BigQuery assets app
The BigQuery assets app crawls Google BigQuery assets and publishes them to Atlan
for discovery. Build it with the BigqueryCrawler builder, which mirrors the
"new app" wizard: Credential → Connection → Metadata.
Each time you create the app it mints a new connection and new assets within it—running it repeatedly with the same settings can produce duplicate assets. To re-crawl, re-run the existing workflow (see Re-run an existing app).
Service account
To crawl BigQuery using service-account authentication (the UI default):
- Python
from pyatlan.client.atlan import AtlanClient
from pyatlan.model.apps import BigqueryCrawler
client = AtlanClient()
response = (
BigqueryCrawler(client) # (1)
.service_account( # (2)
email="svc@my-project.iam.gserviceaccount.com", # (3)
service_account_json=sa_json, # (4)
project_id="my-project", # (5)
connectivity="public", # (6)
)
.connection( # (7)
name="production-bigquery",
admin_roles=[client.role_cache.get_id_for_name("$admin")],
admin_groups=None,
admin_users=None,
)
.include({"my-project": ["analytics", "sales"]}) # (8)
.exclude({"my-project": ["staging"]}) # (9)
.exclude_regex(".*_TMP") # (10)
.import_nested_columns(True) # (11)
.combine_sharded_tables(True) # (12)
.run(name="bigquery-prod") # (13)
)
print(response.slug, response.run_id) # (14)
- Base configuration for a new BigQuery crawler. You must provide a
client. - Step 1—Credential. Service-account auth; the JSON key is vaulted and never persisted in the workflow.
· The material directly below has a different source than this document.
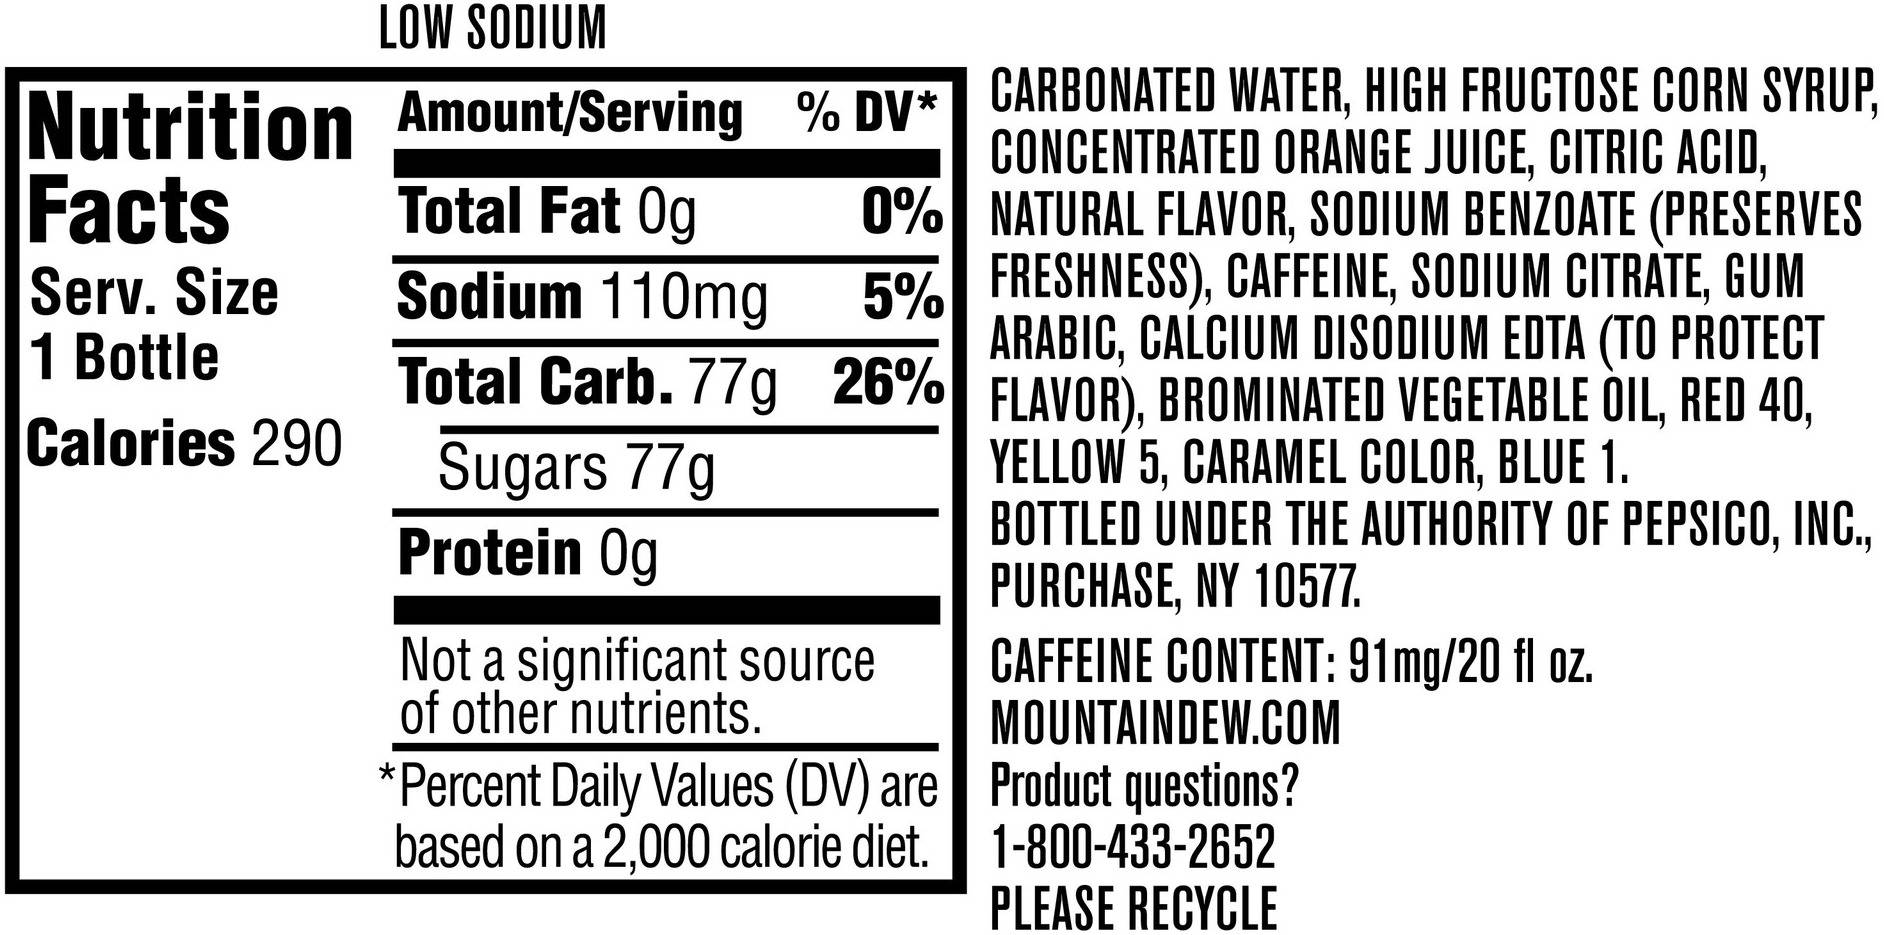 Image describing nutrition information for product Mtn Dew Holiday Brew LTO

- The service-account email.
- The service-account JSON key, as a string. Paste the key file's contents
unmodified (newlines stay escaped as
\n). - Your GCP project id.
publicuses Google's public endpoint;privateuses Private Service Connect—forprivate, also passhost="https://your-psc-host".- Step 2—Connection. Provide a display name and at least one admin (role, group, or user). The builder mints the connection qualified name.
- Step 3—Metadata. Datasets to crawl, as
{project: [dataset, ...]}(anchored as regex automatically). Omit to crawl everything. - Datasets to skip—exclude takes priority over include.
- Regex for tables/views to exclude from extraction.
- Parse nested (
STRUCT/ARRAY) columns into child columns. - Combine sharded tables of the same prefix into a single asset.
.run(name=...)creates and submits a run. Use.create(name=...)to create without running.- Persist
response.slugfor later operations (see Manage apps).
Workload Identity Federation
To crawl BigQuery using Workload Identity Federation (keyless) auth:
- Python
from pyatlan.client.atlan import AtlanClient
from pyatlan.model.apps import BigqueryCrawler
client = AtlanClient()
response = (
BigqueryCrawler(client)
.workload_identity_federation( # (1)
project_id="my-project",
connectivity="public",
)
.connection(
name="production-bigquery",
admin_roles=[client.role_cache.get_id_for_name("$admin")],
)
.include({"my-project": ["analytics"]})
.run(name="bigquery-prod")
)
- Workload Identity Federation auth—no service-account key is stored. Provide any provider-specific values as additional keyword arguments.
Other metadata options
Beyond the options shown previously, the builder exposes the rest of the wizard's metadata toggles:
- Python
(
BigqueryCrawler(client)
.service_account(email=..., service_account_json=..., project_id=...)
.connection(name="production-bigquery", admin_roles=[...])
.import_tags(True) # (1)
.hidden_assets(True) # (2)
.custom_config('{"ignore-all-case": true}') # (3)
.run(name="bigquery-prod")
)
- Import tags from BigQuery into Atlan.
- Crawl hidden datasets.
- Switch advanced config to
customand supply a feature-flag JSON string.
Preview the payload
Call .preview() instead of .create() / .run() to assemble and inspect the
inputs payload offline (no network call, secret redacted):
- Python
builder = (
BigqueryCrawler(client)
.service_account(email=..., service_account_json=..., project_id=...)
.connection(name="production-bigquery", admin_roles=[...])
.include({"my-project": ["analytics"]})
)
print(builder.preview()) # (1)
- Returns the full
inputsdict the app submits, with the credential redacted—handy for review and testing.
Re-run with an existing credential
To create another workflow that reuses an already-vaulted credential (instead of vaulting a new one), pass its guid:
- Python
(
BigqueryCrawler(client)
.credential_guid("e49783c7-...") # (1)
.connection(name="production-bigquery", admin_roles=[...])
.include({"my-project": ["analytics"]})
.run(name="bigquery-prod-2")
)
- Reuses the vaulted credential by guid—no new secret is stored.